Export the XML file of the current rules
To export the XML, you need to connect to the Security and Compliance Center via Remote PowerShell..
- In the PowerShell, type the following to display your organization's rules on screen. If you haven't created your own, you'll only see the default, built-in rules, labeled "Microsoft Rule Package."
- Store your organization's rules in a variable by typing the following. Storing something in a variable makes it easily available later in a format that works for remote PowerShell commands.
$ruleCollections = Get-DlpSensitiveInformationTypeRulePackage
- Make a formatted XML file with all that data by typing the following. (
Set-contentis the part of the cmdlet that writes the XML to the file.)
Set-Content -path C:\custompath\exportedRules.xml -Encoding Byte -Value $ruleCollections.SerializedClassificationRuleCollection
Make sure that you use the file location where your rule pack is actually stored.
C:\custompath\ is a placeholder.
Find the rule that you want to modify in the XML
The cmdlets above exported the entire rule collection, which includes the default rules we provide. Next you'll need to look specifically for the Credit Card Number rule that you want to modify.

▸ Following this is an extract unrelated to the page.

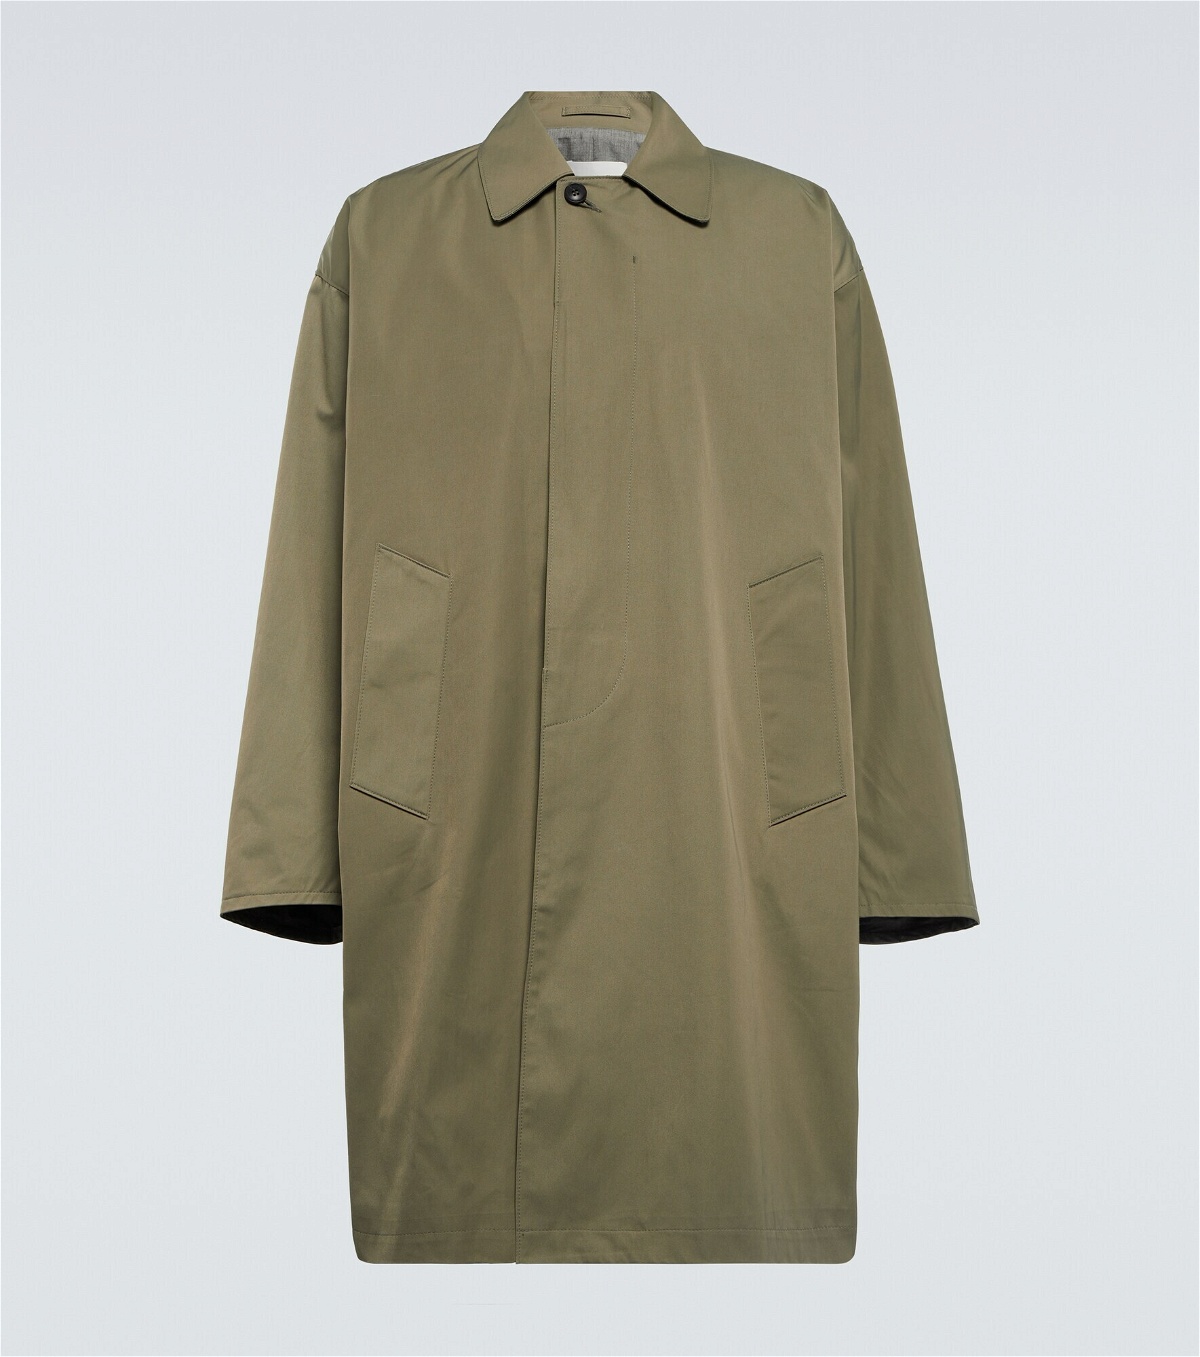 The Frankie Shop - Peter trench coat The Frankie Shop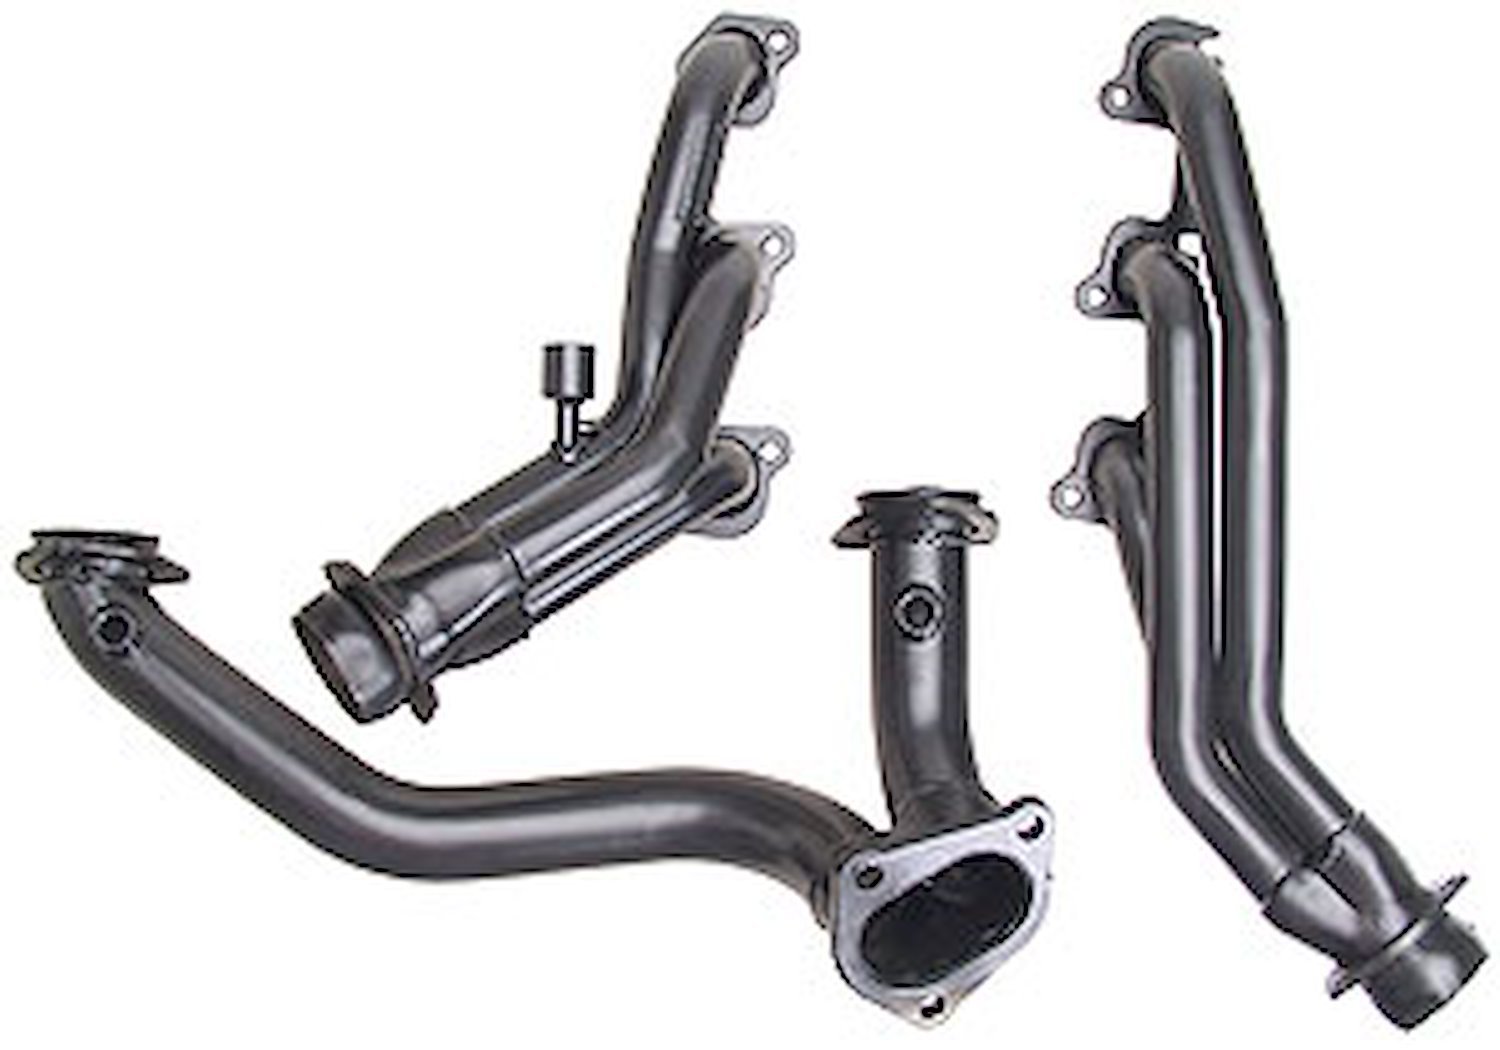 Standard Duty Uncoated Headers for 1993-1994 Ford Ranger 2wd/4wd, 1993-1996 Ford Explorer 2wd/4wd

Use a text editor to open the XML file that you exported in the previous section.
Scroll down to the
<Rules>tag, which is the start of the section that contains the DLP rules. Because this XML file contains the information for the entire rule collection, it contains other information at the top that you need to scroll past to get to the rules.
Look for Func_credit_card to find the Credit Card Number rule definition. In the XML, rule names can't contain spaces, so the spaces are usually replaced with underscores, and rule names are sometimes abbreviated. An example of this is the U.S. Social Security number rule, which is abbreviated "SSN." The Credit Card Number rule XML should look like the following code sample.
<Entity id="50842eb7-edc8-4019-85dd-5a5c1f2bb085" patternsProximity="300" recommendedConfidence="85"> <Pattern confidenceLevel="85"> <IdMatch idRef="Func_credit_card" /> <Any minMatches="1"> <Match idRef="Keyword_cc_verification" /> <Match idRef="Keyword_cc_name" /> <Match idRef="Func_expiration_date" /> </Any> </Pattern> </Entity>
Now that you have located the Credit Card Number rule definition in the XML, you can customize the rule's XML to meet your needs. For a refresher on the XML definitions, see the Term glossary at the end of this topic.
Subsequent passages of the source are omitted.